**Task brief:**
The output should be the listing below, limited to the lines from the one with "Vietnam 胡志明市自由行" through the one with "Den 27/11-2011 spelade", exact and without pictures.

**Provided material:**

****************

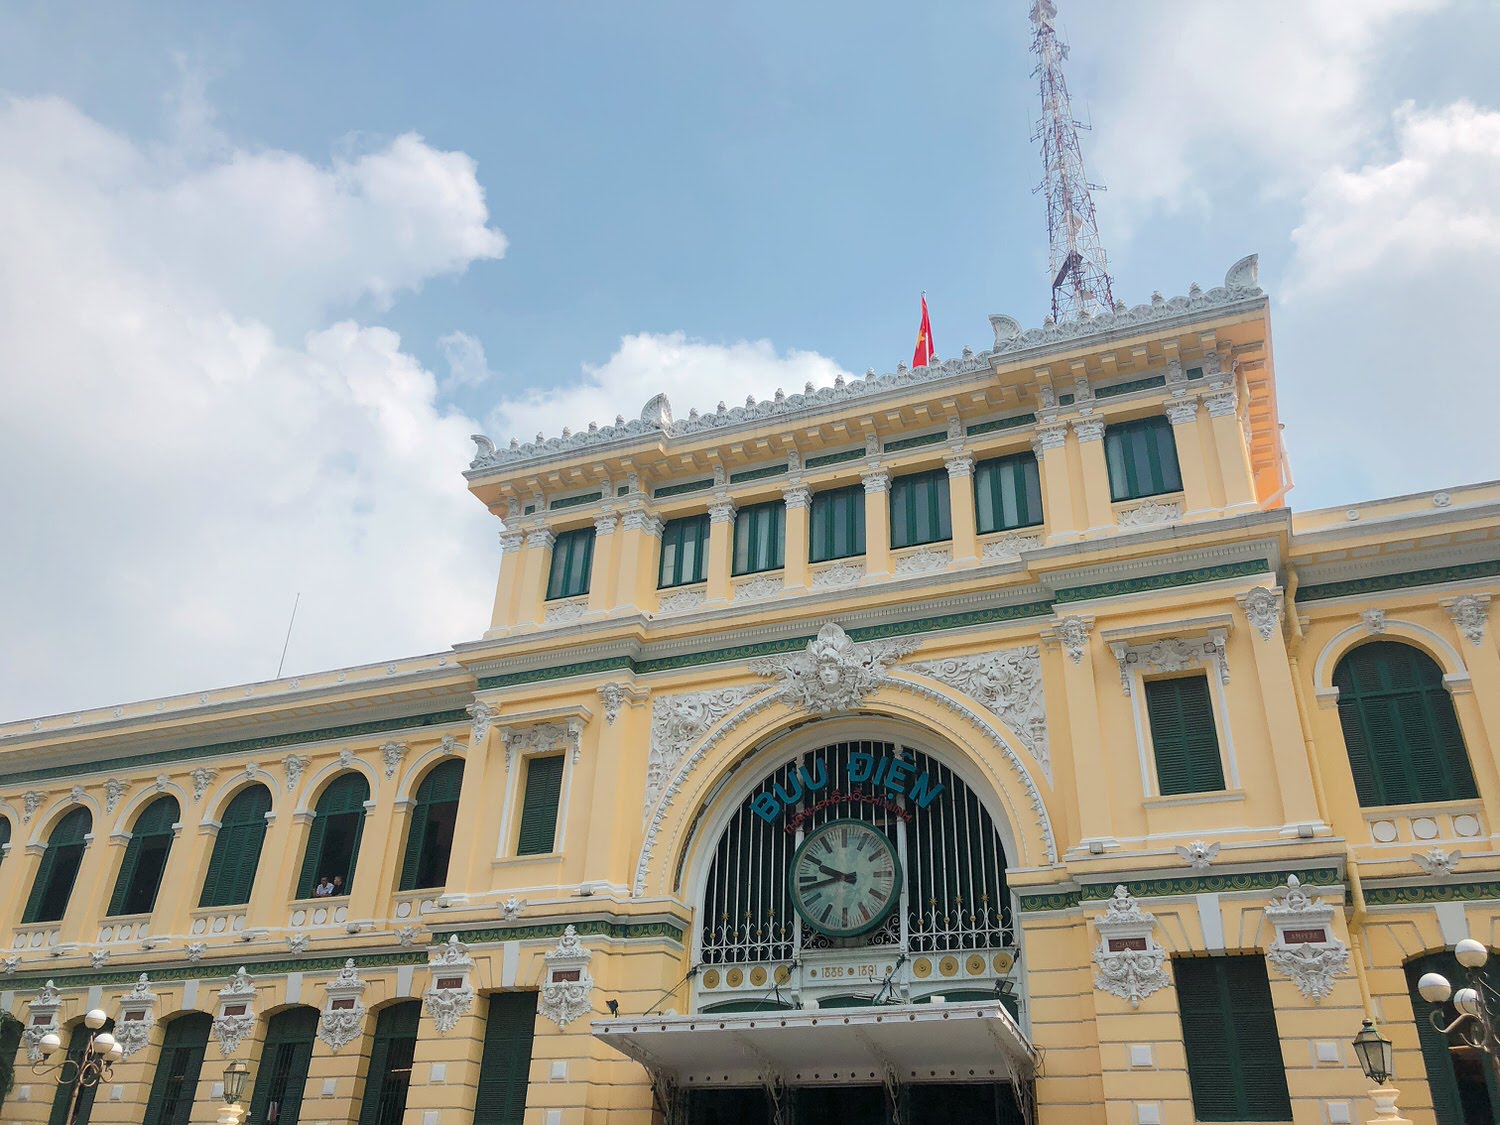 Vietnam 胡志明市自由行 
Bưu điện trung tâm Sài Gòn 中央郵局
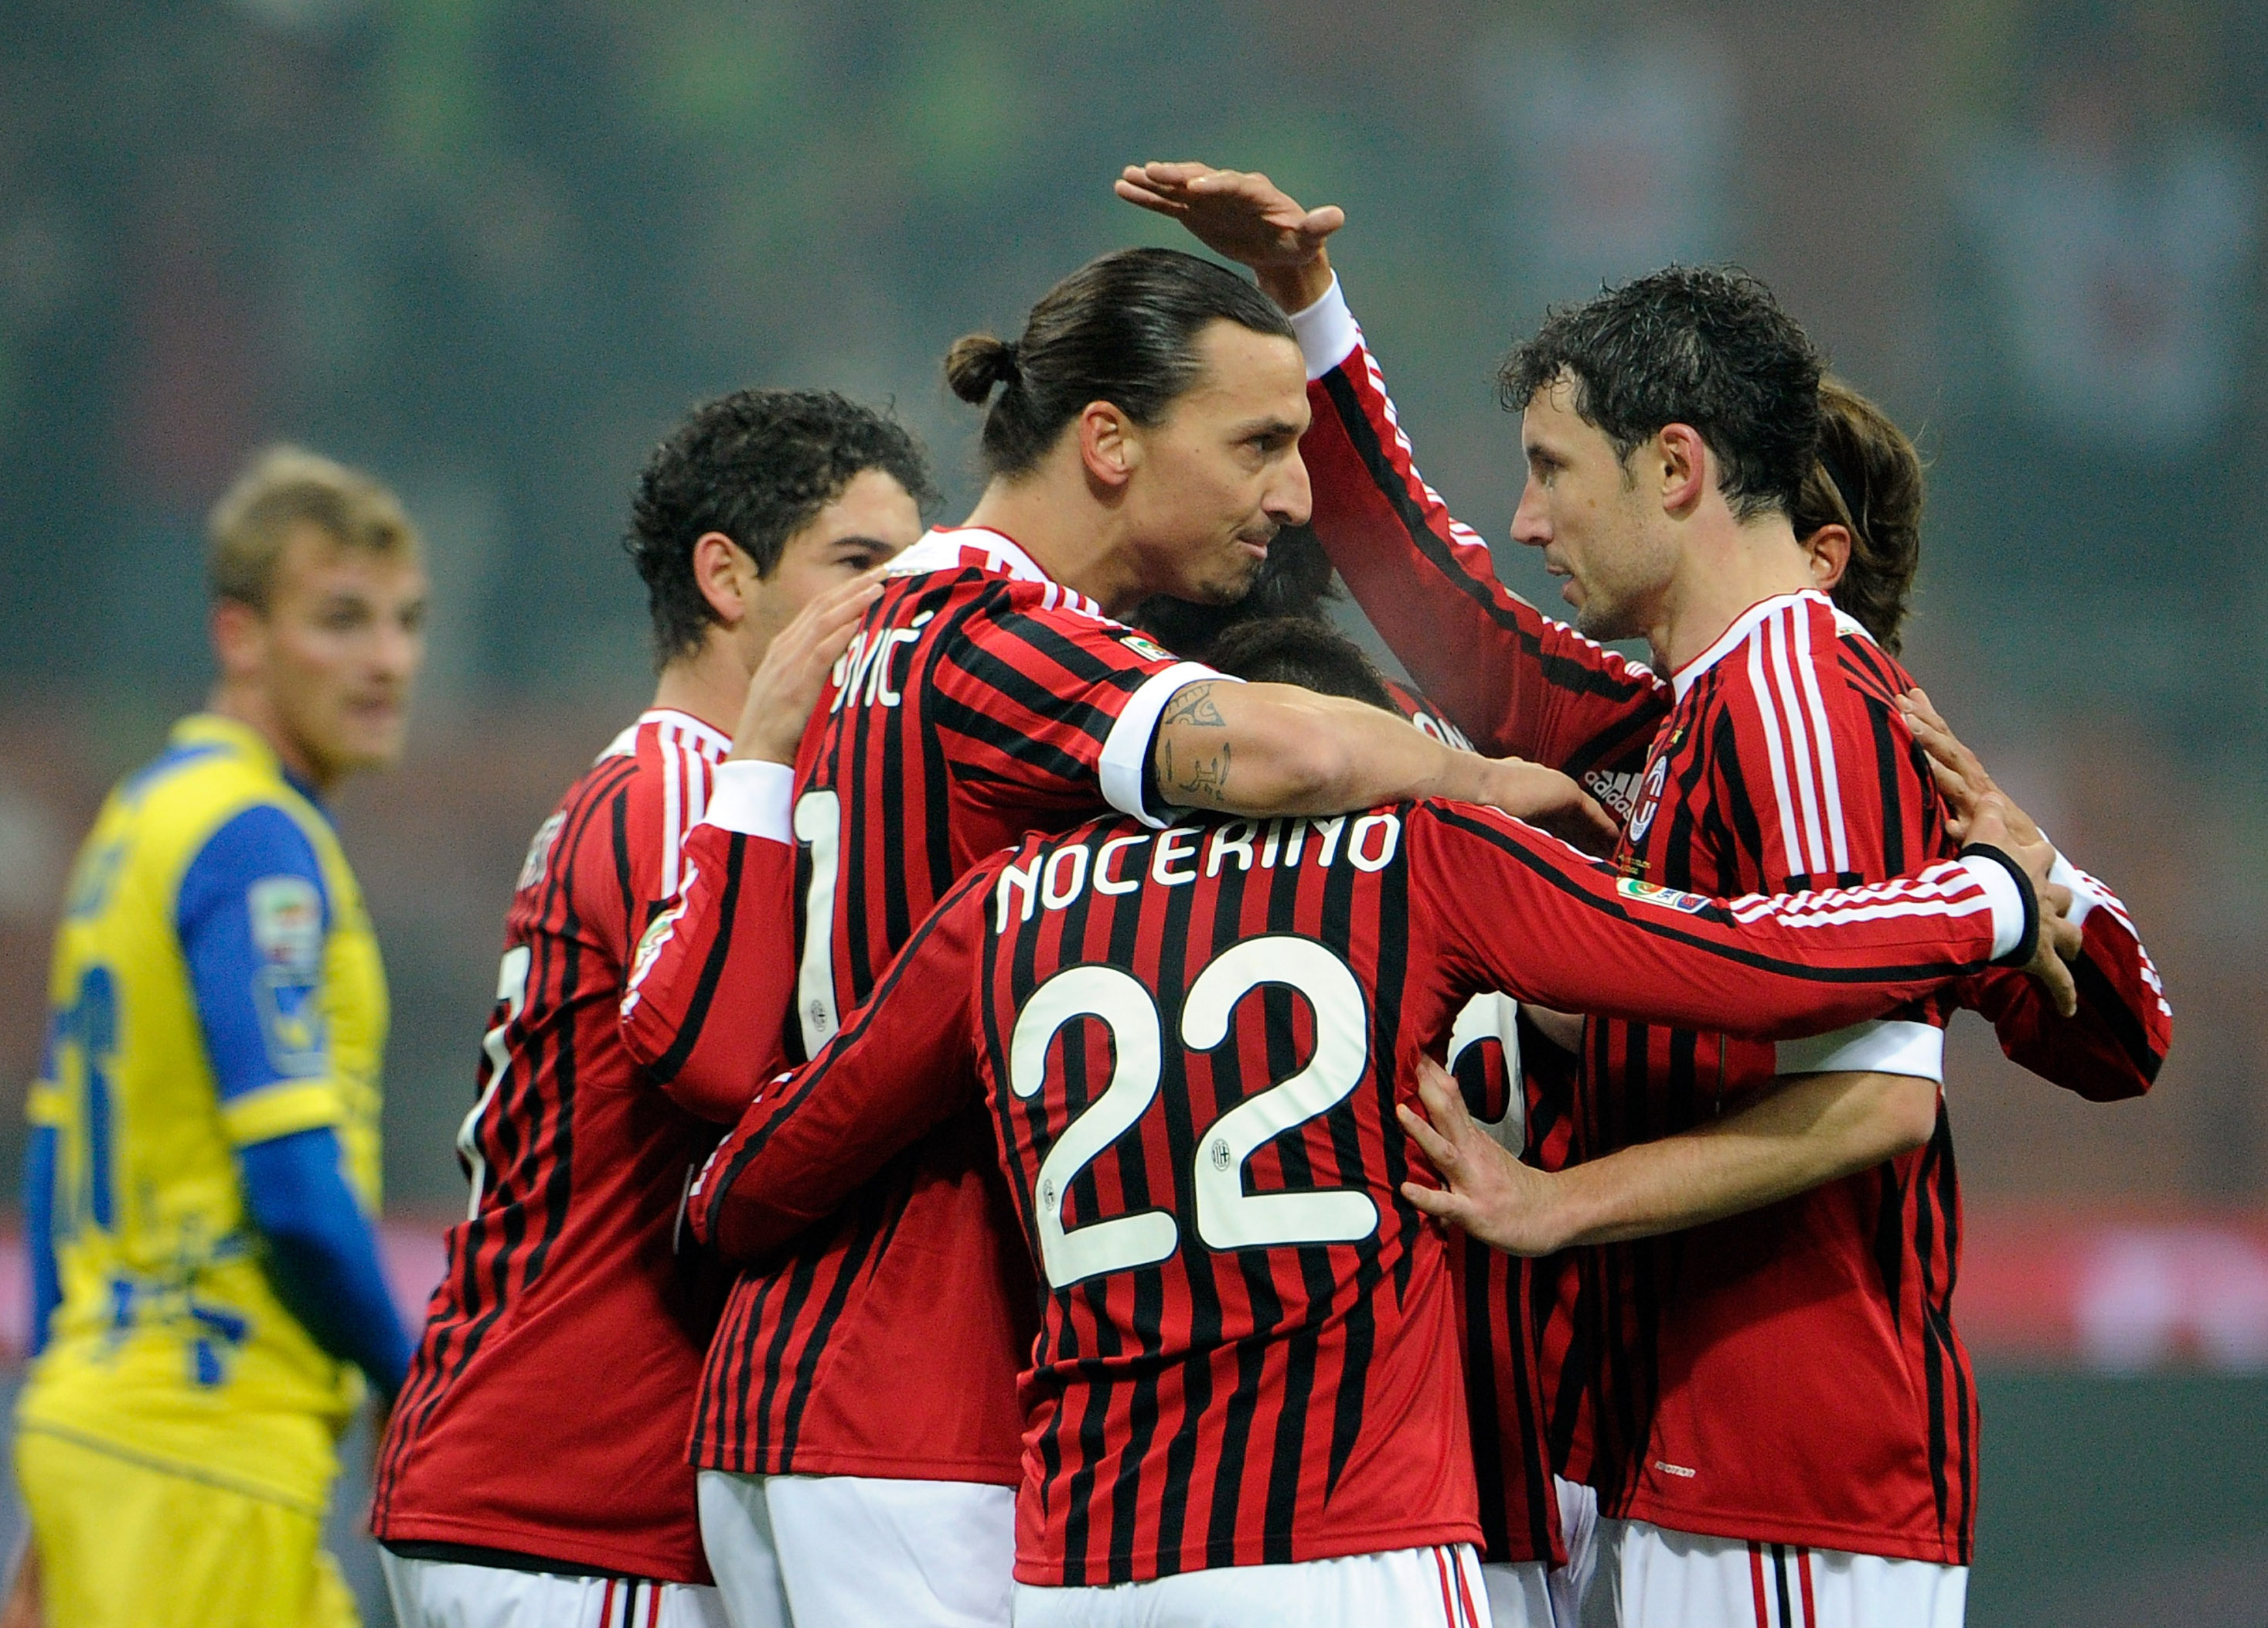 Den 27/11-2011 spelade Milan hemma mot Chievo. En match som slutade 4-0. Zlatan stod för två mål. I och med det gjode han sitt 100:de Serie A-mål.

****************

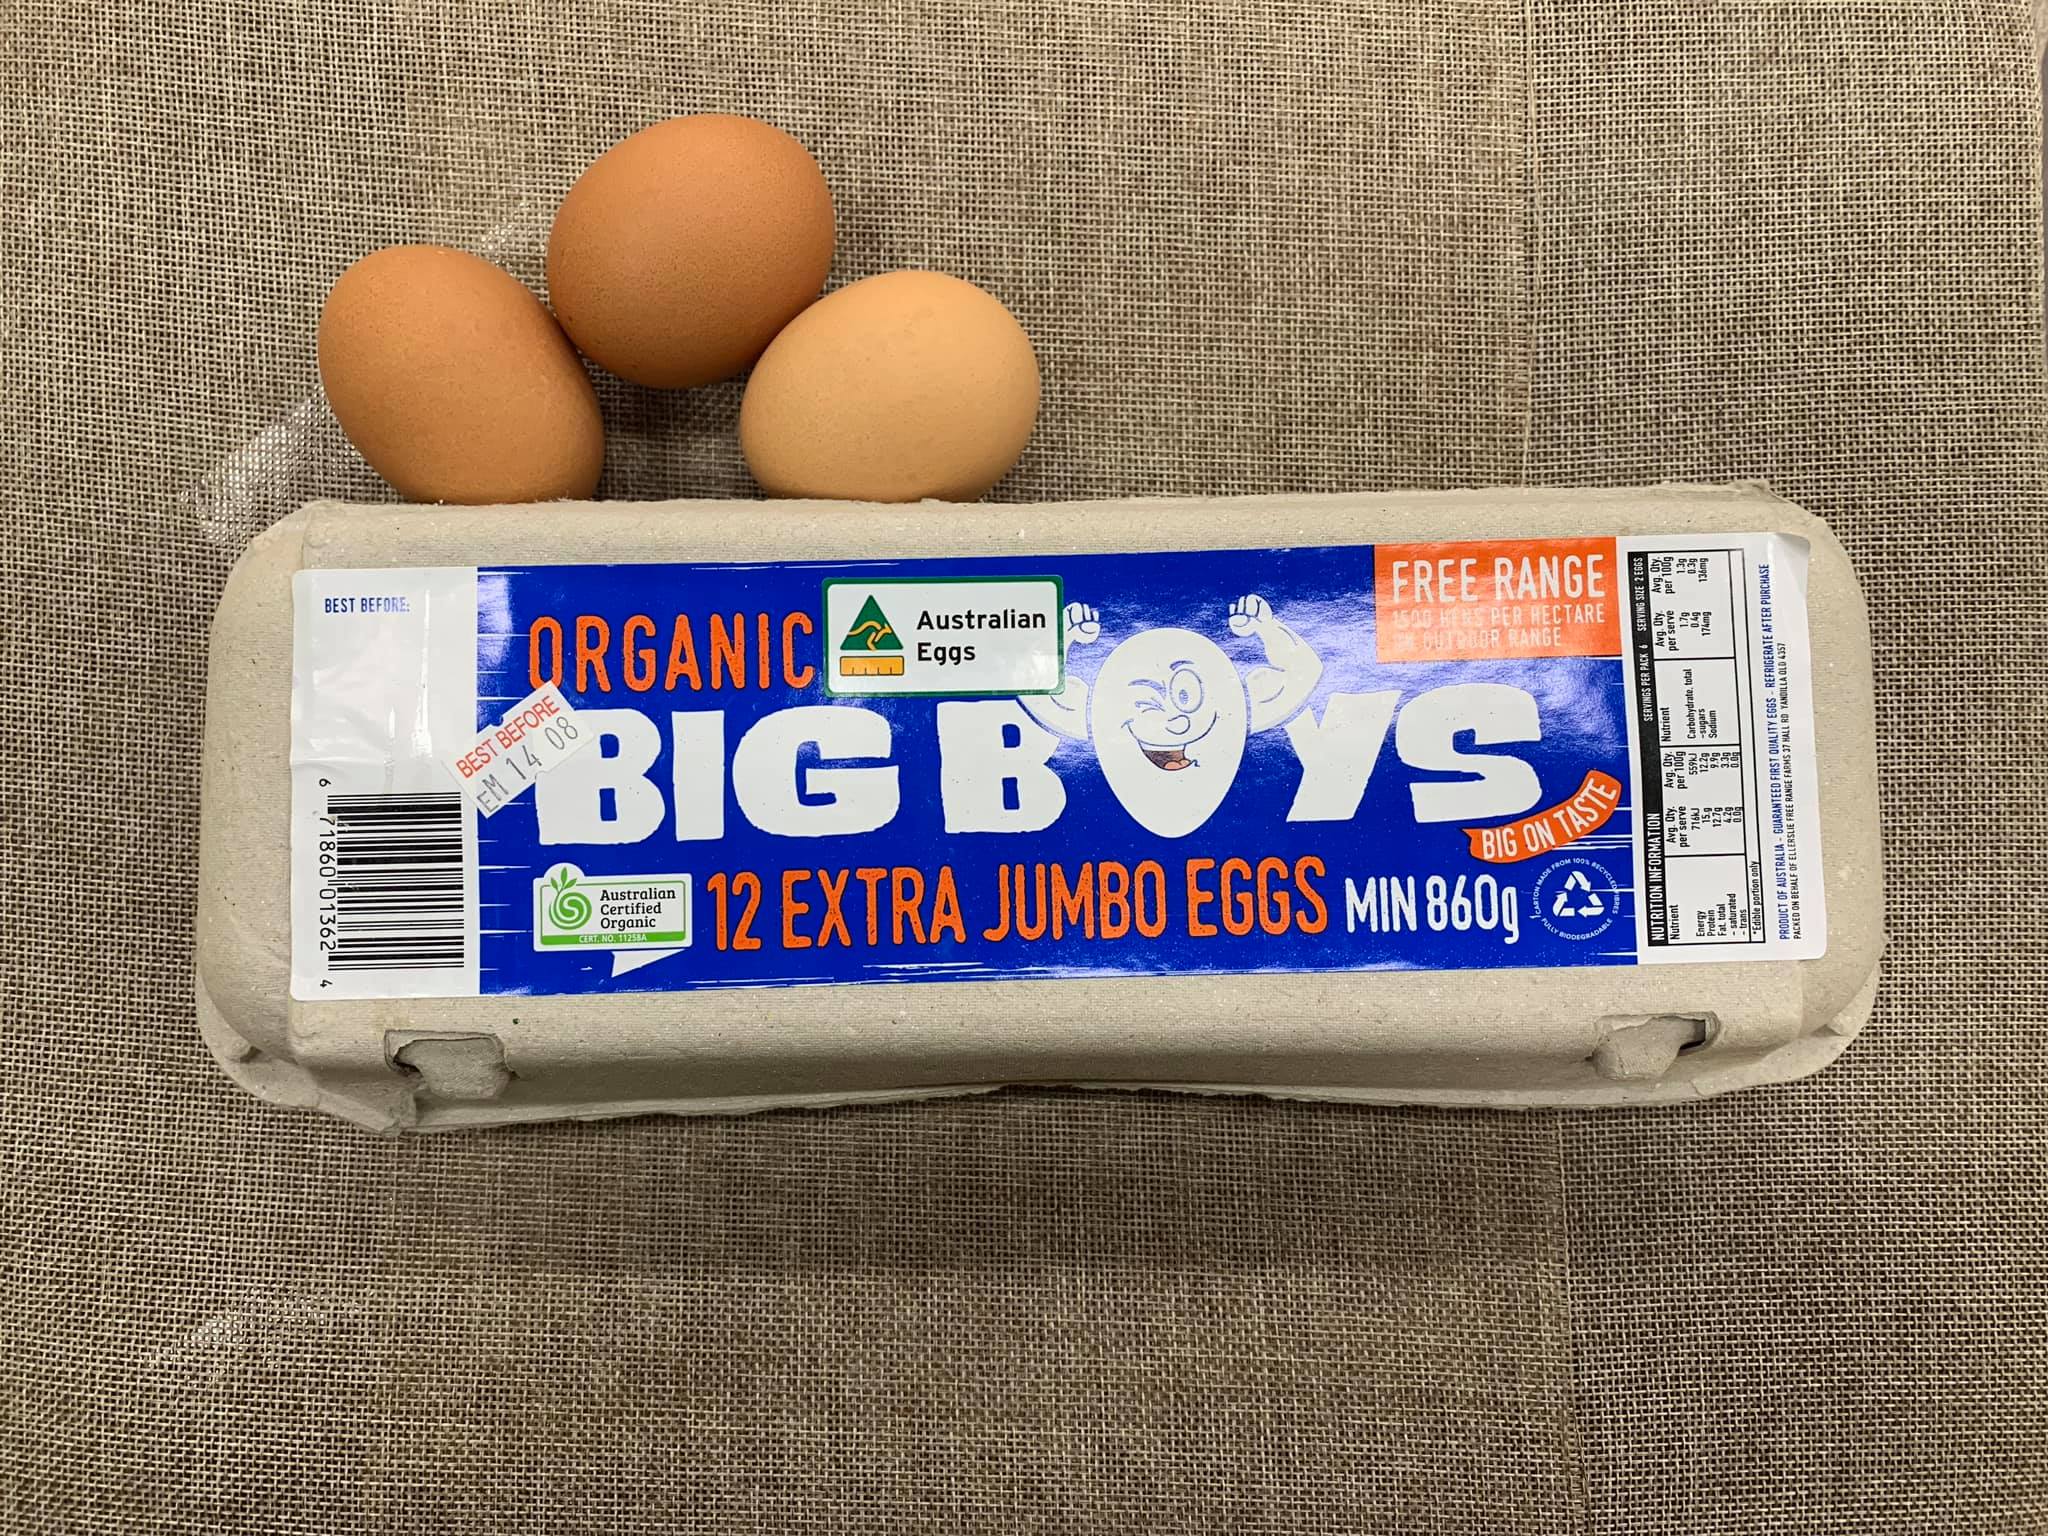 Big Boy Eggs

****************

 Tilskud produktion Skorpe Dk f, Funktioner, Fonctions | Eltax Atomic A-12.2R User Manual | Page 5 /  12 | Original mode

****************

**Answer section:**
 Vietnam 胡志明市自由行 
Bưu điện trung tâm Sài Gòn 中央郵局
 Den 27/11-2011 spelade Milan hemma mot Chievo. En match som slutade 4-0. Zlatan stod för två mål. I och med det gjode han sitt 100:de Serie A-mål.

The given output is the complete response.